After every sports league muddled through 2020 the best it could, everyone’s getting back to near-normal in 2021. That makes sense. There is considerable evidence that the sports boom we were expecting when sports returned last year, but never materialized (for a variety of reasons), is about to take place this summer and fall, when, thanks to vaccines and lowering infection rates, the world (or at least the U.S.) actually is about to re-open. Major League Baseball ratings, in particular, are way, way up from last year — with MLB.tv, the league’s live game streaming app, already racking up the seven most-watched days in its 20-year history.
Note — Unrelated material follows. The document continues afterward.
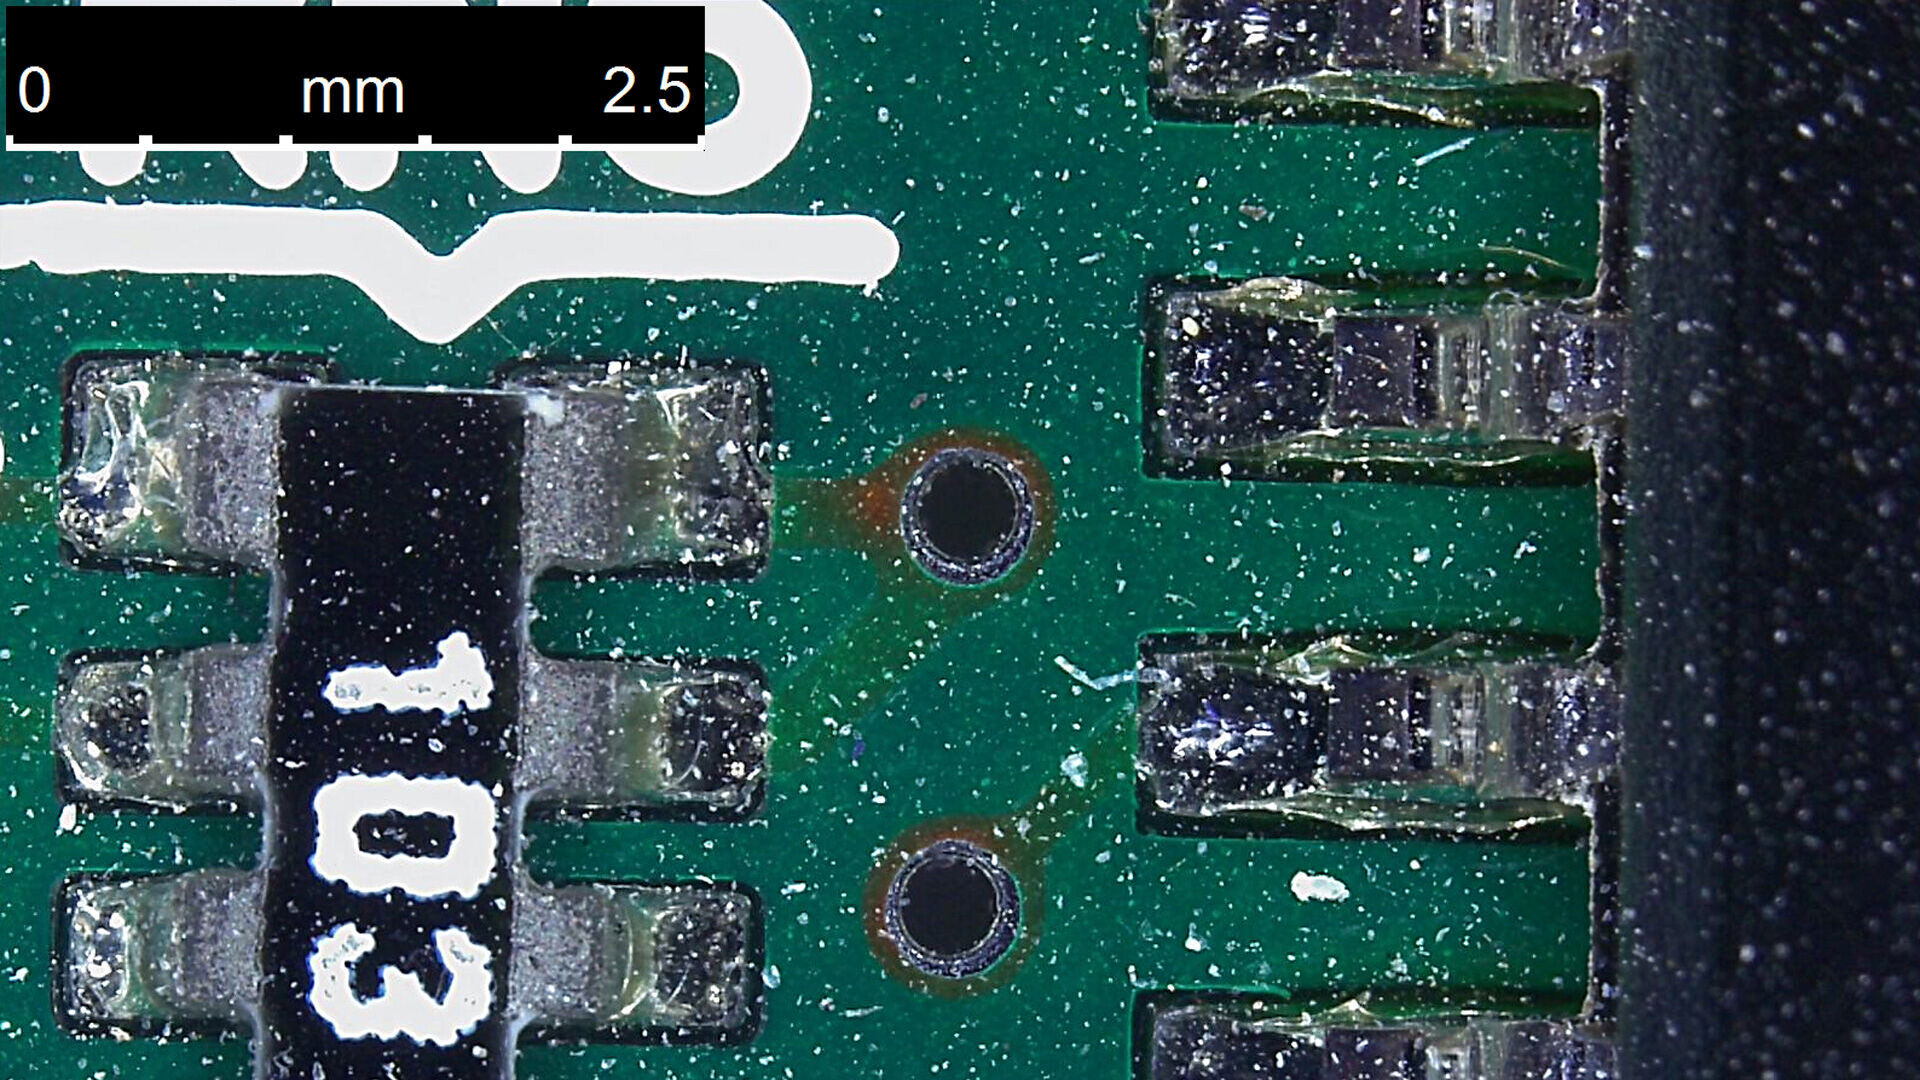 Glare from reflective surfaces of the PCB is eliminated. The same PCB area inspected with the DVM6 using ring light illumination and a polarizer
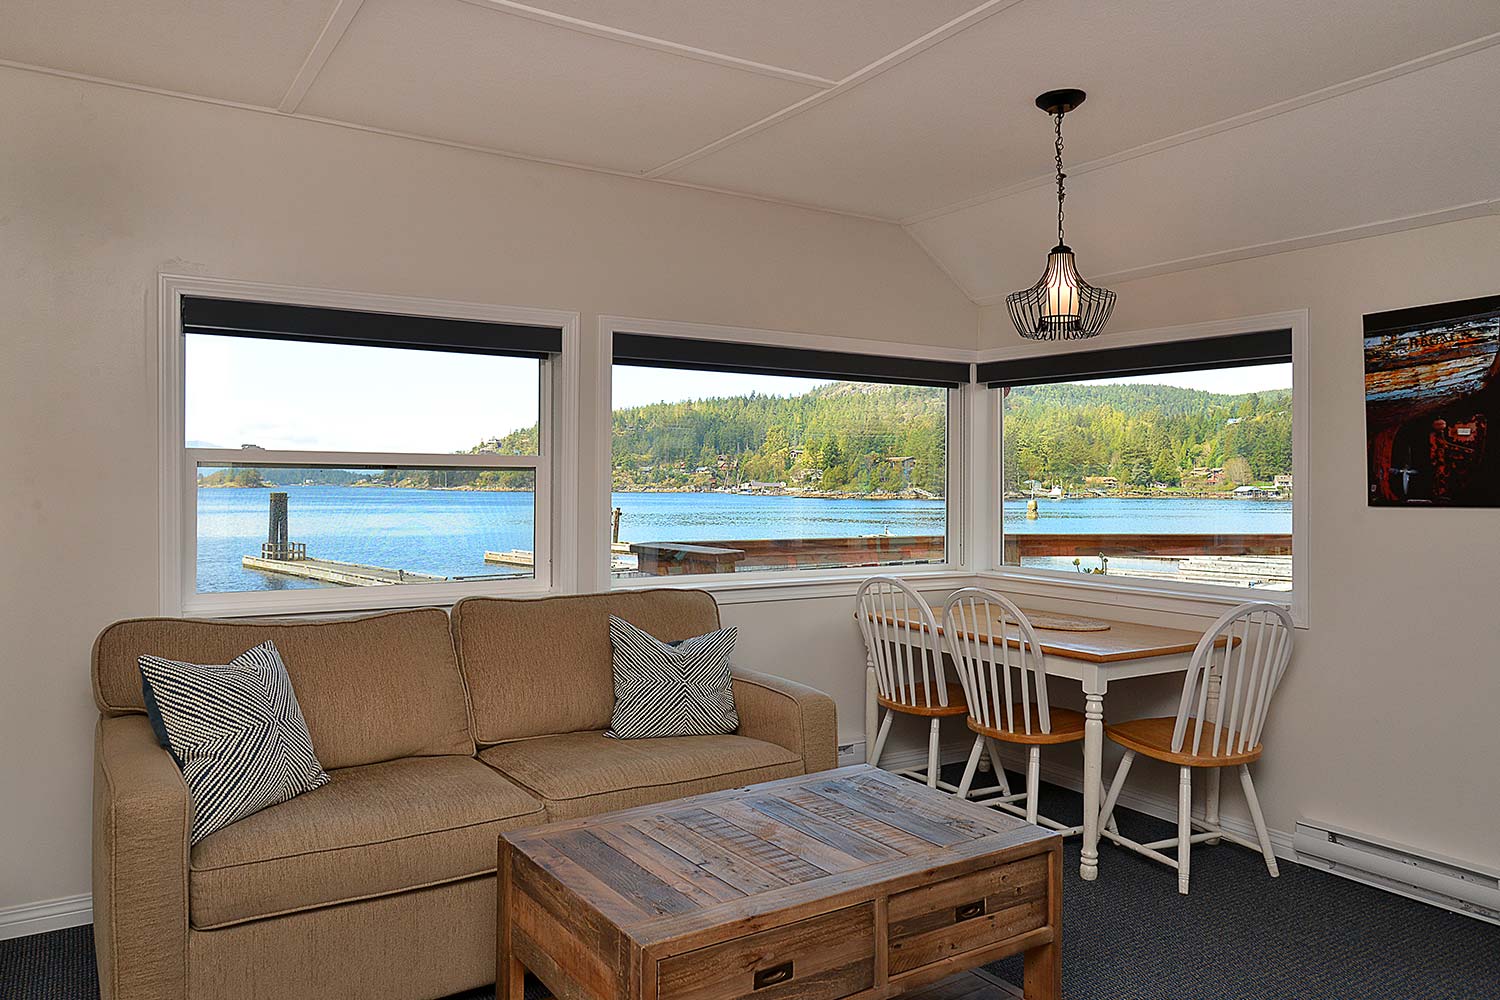 The Prawn Palace living room has a pull-out sofa bed and a coffee table, and features incredible views of Pender Harbour.

For better or worse, sports reflect and represent “normal”: How much can the world really be falling apart if there’s still a game on? Sports leagues and television partners thrive on this thinking, and the Everything-Is-Fine-and-Getting-Back-to-Normal mindset plays right into the NFL’s wheelhouse. The league plowed through the pandemic season with its usual heavy-footedness, making sure it had its precious television inventory ready to present no matter what. (Even if it included maybe fudging some COVID case reporting.) It was also the first American professional sports league to allow fans in the stands, which paved the way for every other league to do it too. Nothing was going to stop the NFL. As Tom Ley at Defector put it, “only the NFL could get away with this.” And they did, and were even rewarded with a Tom Brady vs. Patrick Mahomes Super Bowl for a grand (albeit not-so-grand) finale.

So now that the draft is here, marking the unofficial calendar-turning of every season, the NFL is back to its usual wooly mammoth self. The NFL Draft conversations and chatter for the last month has been irritating, irrational, infuriating, and incessant — to the point that no football fans will ever want to hear the words “Mac Jones draft stock” again the rest of their lives. This year’s Draft will be a little different, but only just a little, and otherwise the same cartoonishly exaggerated , absurdly oversold hype-fest it has been for 20 years. They are back to selling everything in sight, and it is near-impossible for the average fan to withstand. The NFL is indeed back to normal (even the country itself isn’t), and what may end up being the most heartwarming thing about this year’s NFL Draft is how we get to go back to hating the NFL Draft. As they say: Nature is healing.

Last Year’s NFL Draft Was Charming. Now the Circus Is Back.